Franklin Paul Peterson (1930–2000) was an American mathematician specializing in algebraic topology. He was a professor of mathematics at the Massachusetts Institute of Technology.

Life and career
Peterson was born in Aurora, Illinois, on August 27, 1930, the older of two brothers. His father died when he was young, and he was raised by his mother and uncle. He attended Northwestern University, graduating in 1952, and earned his Ph.D. in 1955 from Princeton University under the supervision of Norman Steenrod. After postdoctoral studies at Princeton, he joined the MIT faculty in 1958.

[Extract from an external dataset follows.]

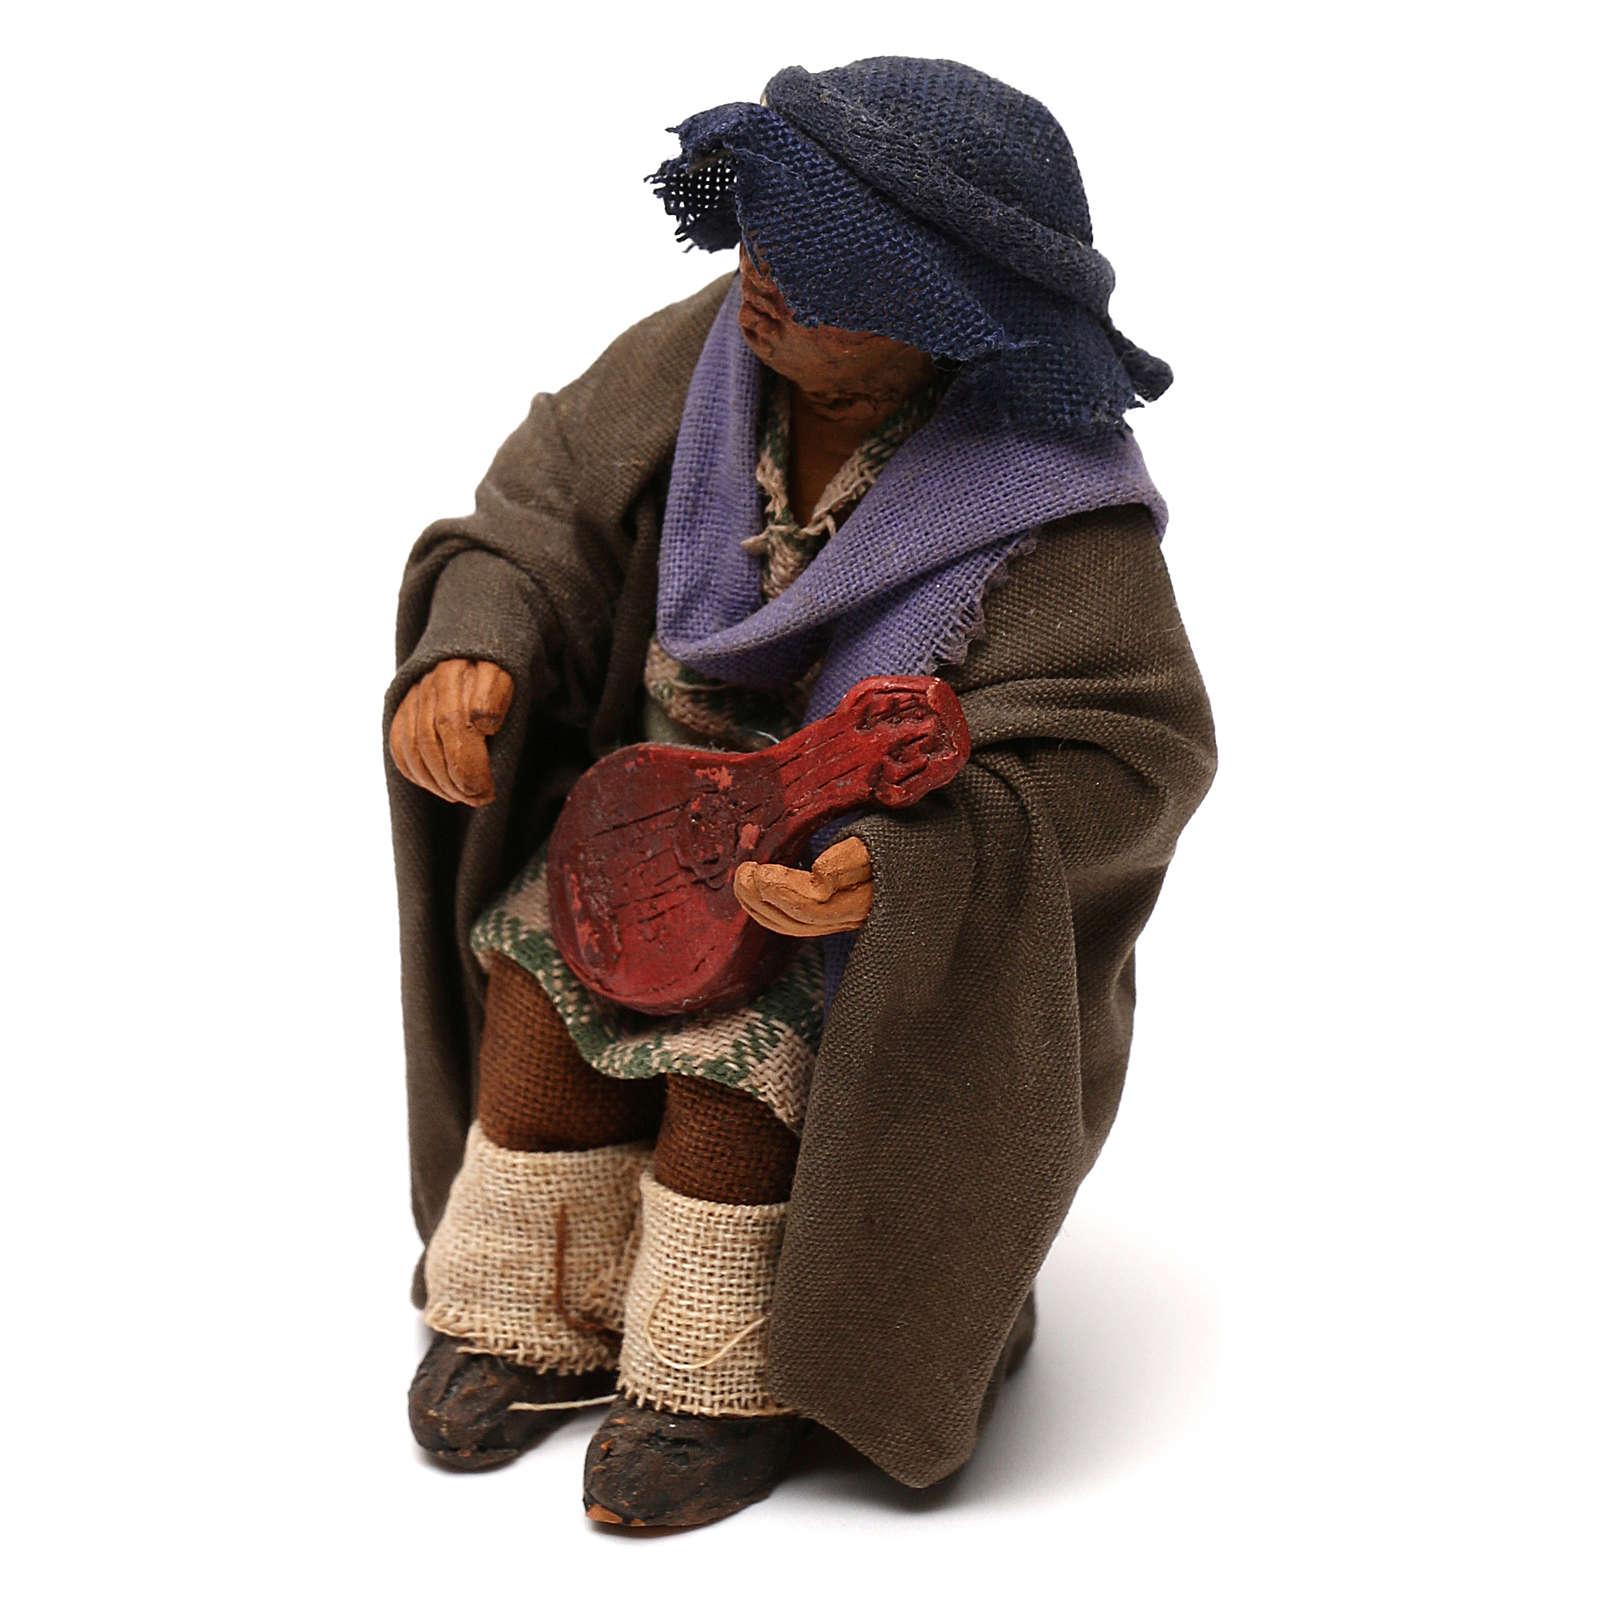 STOCK Uomo seduto con chitarra vestito terracotta 10 cm presepe napoletano 4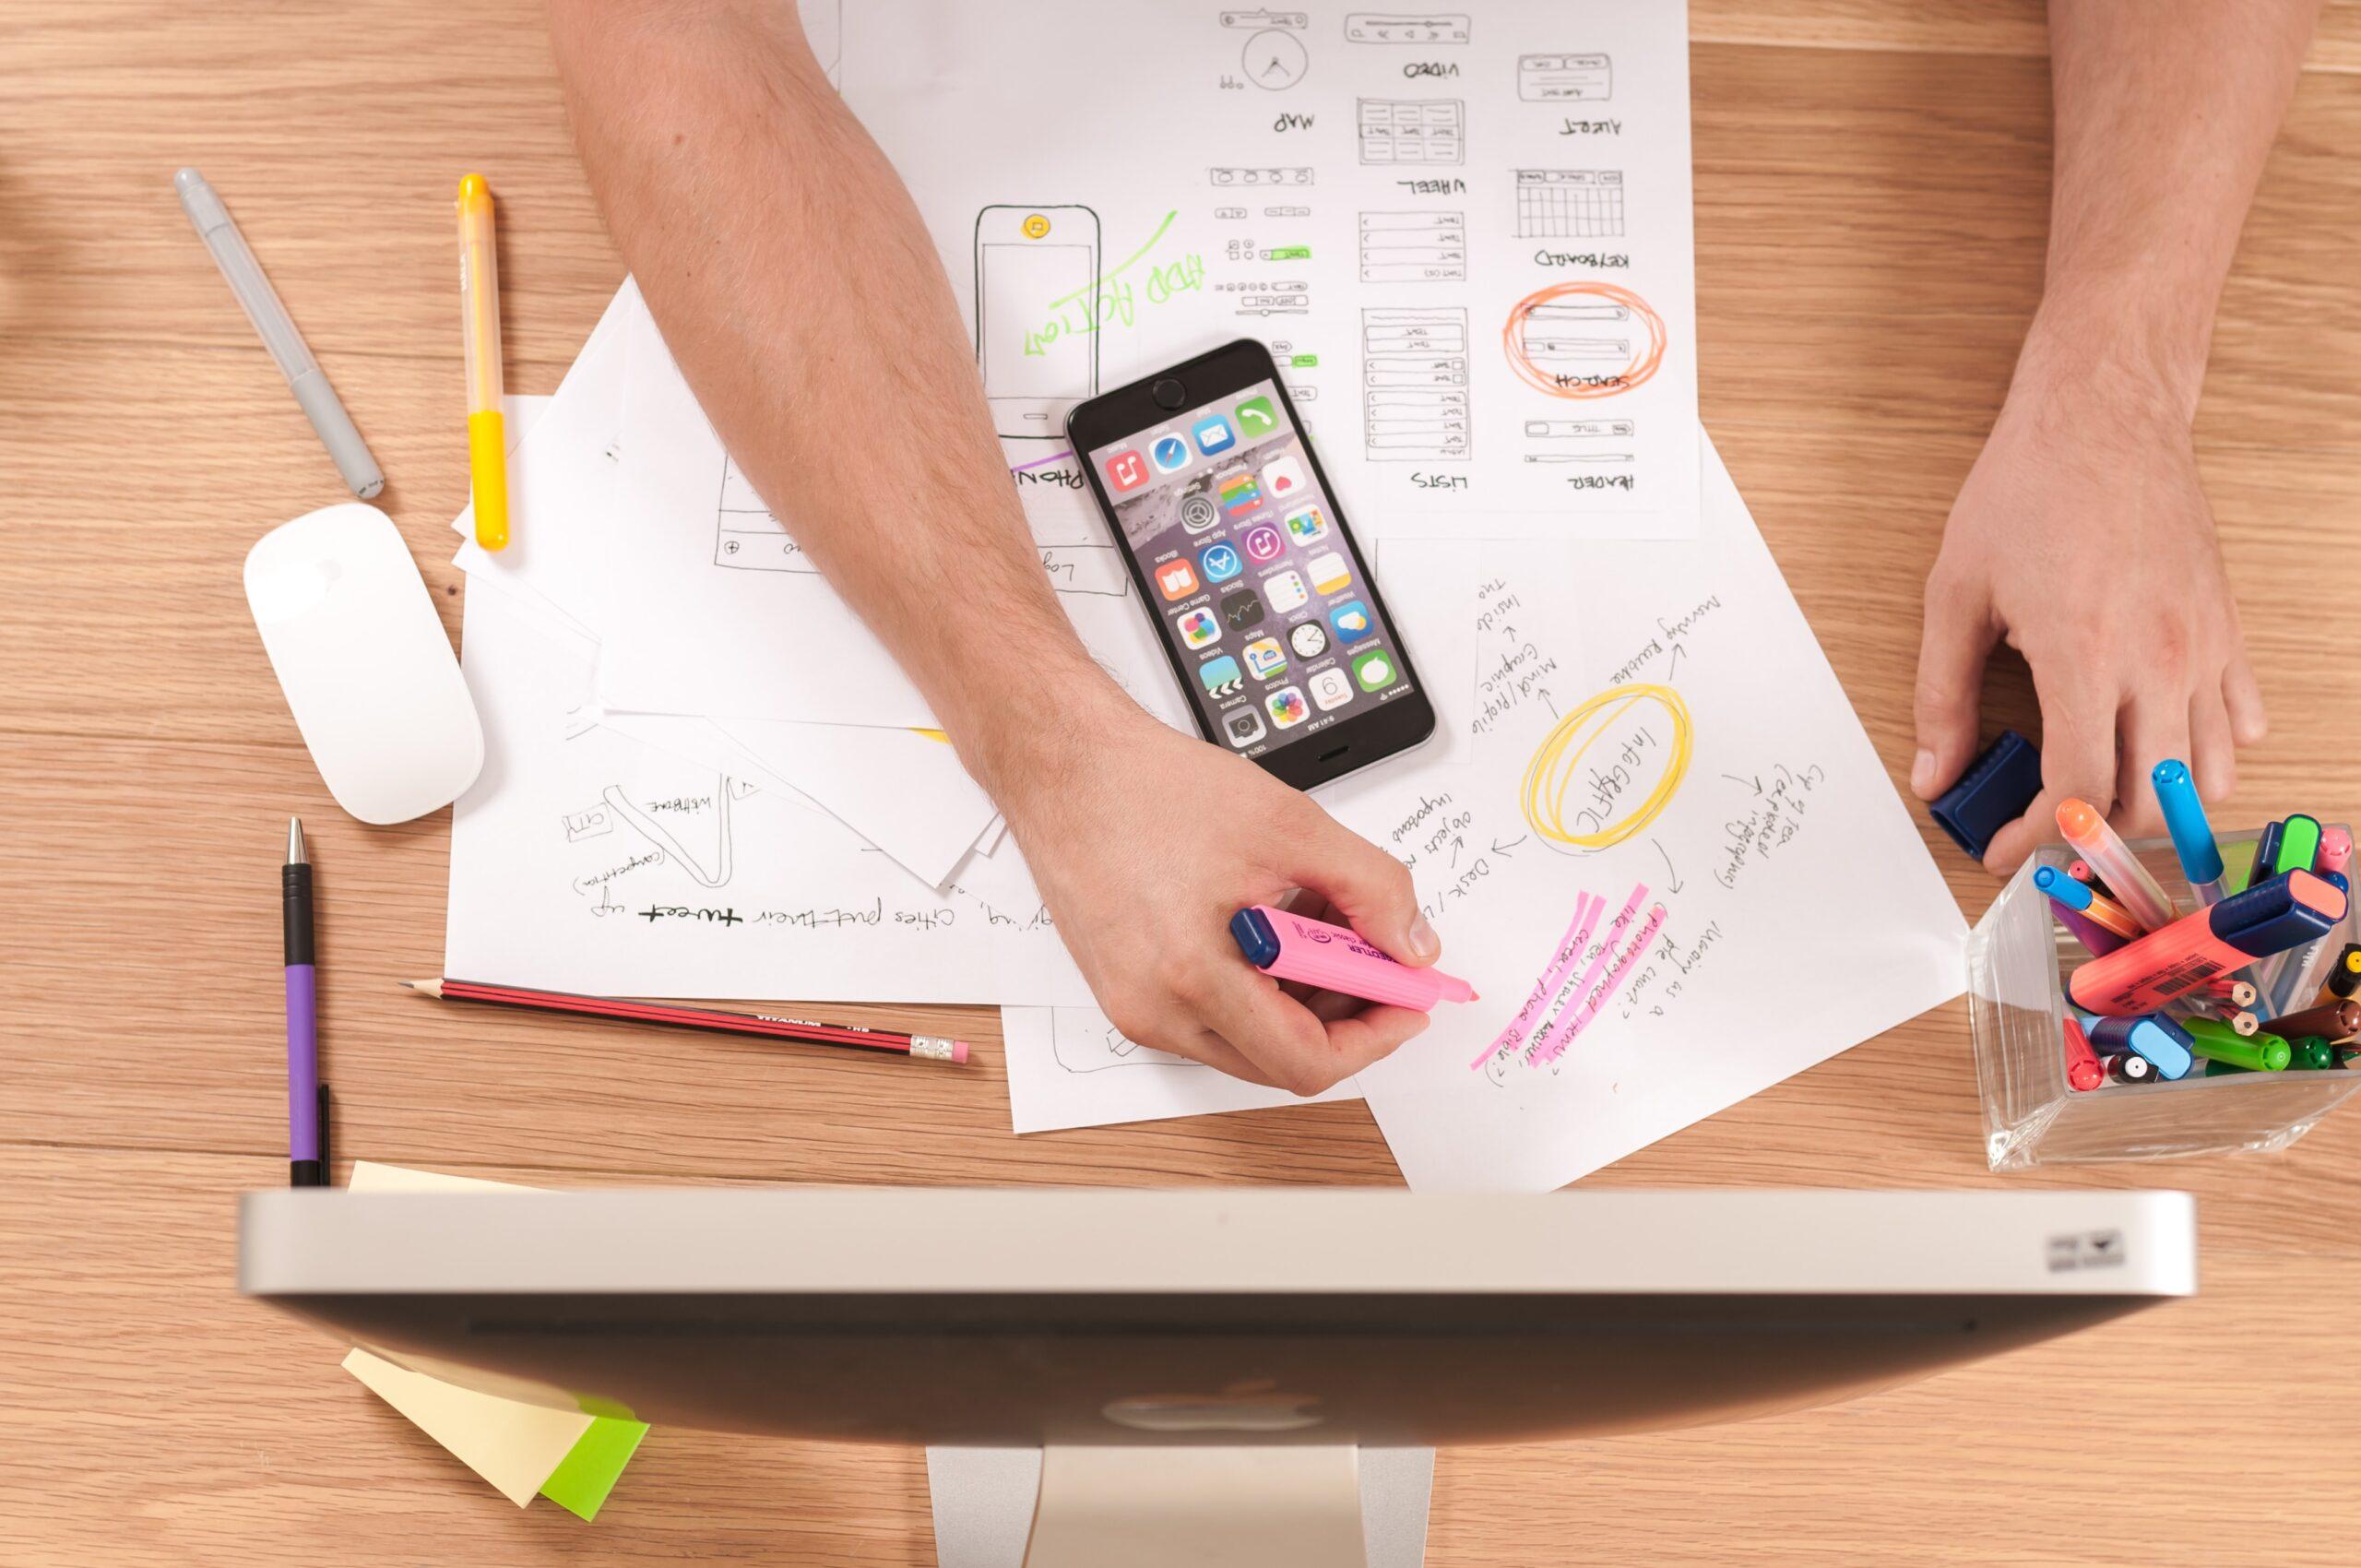 """オフィスデザインは""""快適""""、""""作業効率アップ""""など目的がある"""

Peterson edited the Transactions of the American Mathematical Society from 1966 to 1970. He also served for many years as treasurer of the AMS; in that role he played a key role in resolving tensions between the dual directors of the society as it was then structured, and worked to build up a large reserve fund for the society.

Peterson married Marilyn Rutz in 1959.
He died of a stroke on September 1, 2000, near Washington, DC.

Contributions
Peterson's early research used cohomology to study homotopy equivalence. Later, he did important work on the properties of loop spaces.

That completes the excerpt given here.